Although all dimensionality reduction techniques do what their name implies, they employ different minimization strategies. For example: an autoencoder minimizes the reconstruction error, and its embedding is just a byproduct of that process; t-SNE specifically attempts to preserve local neighborhood distance while finding lower-space embedding; PCA converts the data along a set of linearly uncorrelated principal components. Which of these transformations work best for the data depends on our goals. Although the quality of dimensionality reduction can be quantified, there are other considerations.

This is a dataset with two groups of partially overlapping data points. The reconstruction error is lower for an autoencoder than it is for PCA, so that is objectively a better method. That said, the question often is which of them better conveys the underlying nature of data. In other cases, the visualization will be very similar regardless of the method.

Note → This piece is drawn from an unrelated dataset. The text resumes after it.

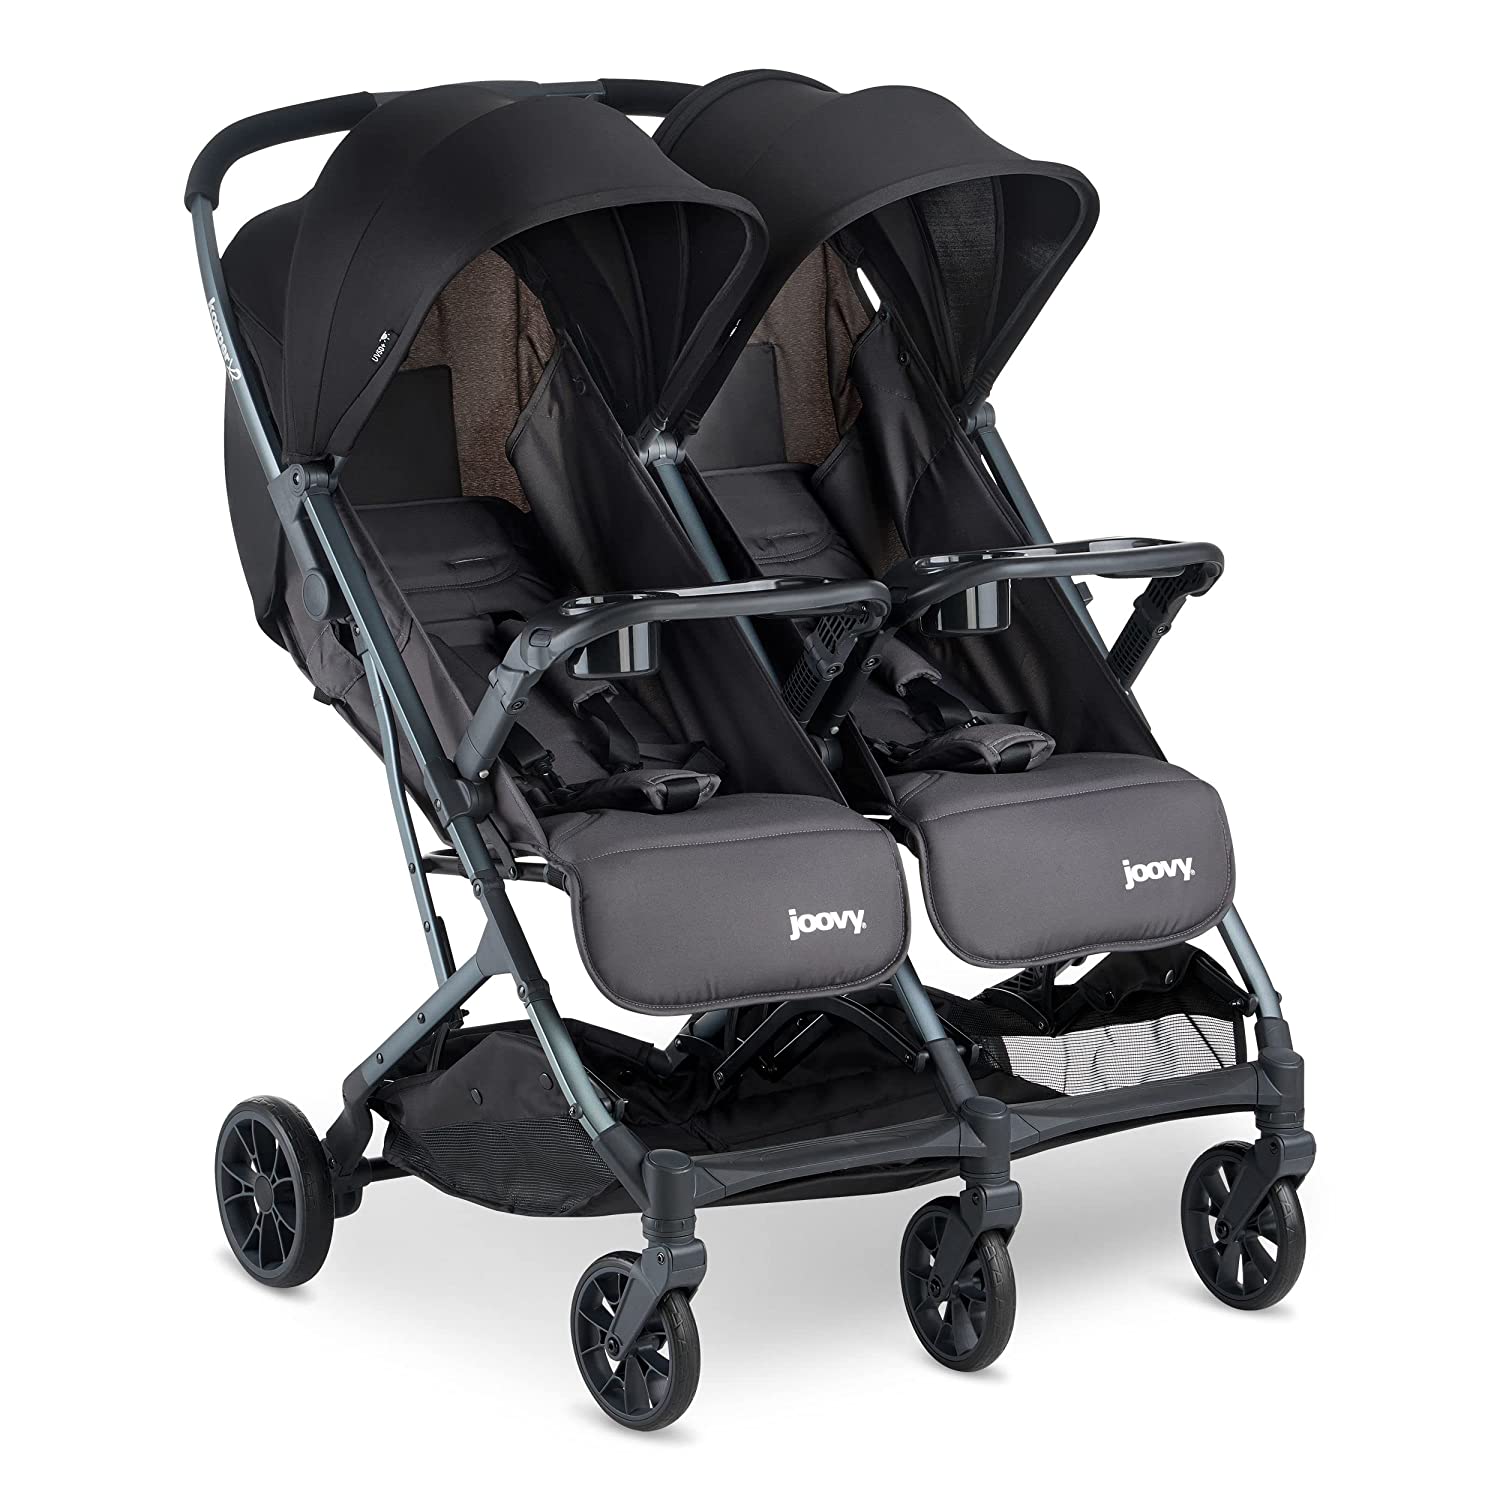 Joovy Kooper X2 Side-by-Side Double Stroller Featuring Dual Snack Trays, One-Handed Fold, Multi-Position Reclining Seats, Adjustable Leg Rests, and 2...

I suggest you explore different methods and compare their representations. If all of them are similar, that should make your subsequent interpretation less biased. Again, t-SNE tends to highlight local data structure better than other methods, which is why it has become so popular lately. However, t-SNE struggles with truly high-dimensional data. In some cases, it is a good strategy to reduce the dimensionality to 50 or so using PCA or an autoencoder, followed by using t-SNE to map it into 2 or 3 dimensions. I think it is always good to start with methods that provide a quick answer (PCA) before moving on to more time-demanding approaches.

3
Entering edit mode
16 months ago
ATpoint 60k

Late to the party, but I wanted to add a link to this video where the slingshot author was asked on exactly this issue, how to choose dimred for trajectories: His response, see link, was basically that he tries PCA first if possible, but in case it was not, UMAP was usually a good choice. In general a technique that preserves the global structure of the data (UMAP) rather than favouring local neighboring (tSNE).

0
Entering edit mode

That's a helpful video. They also address a lot of other related questions.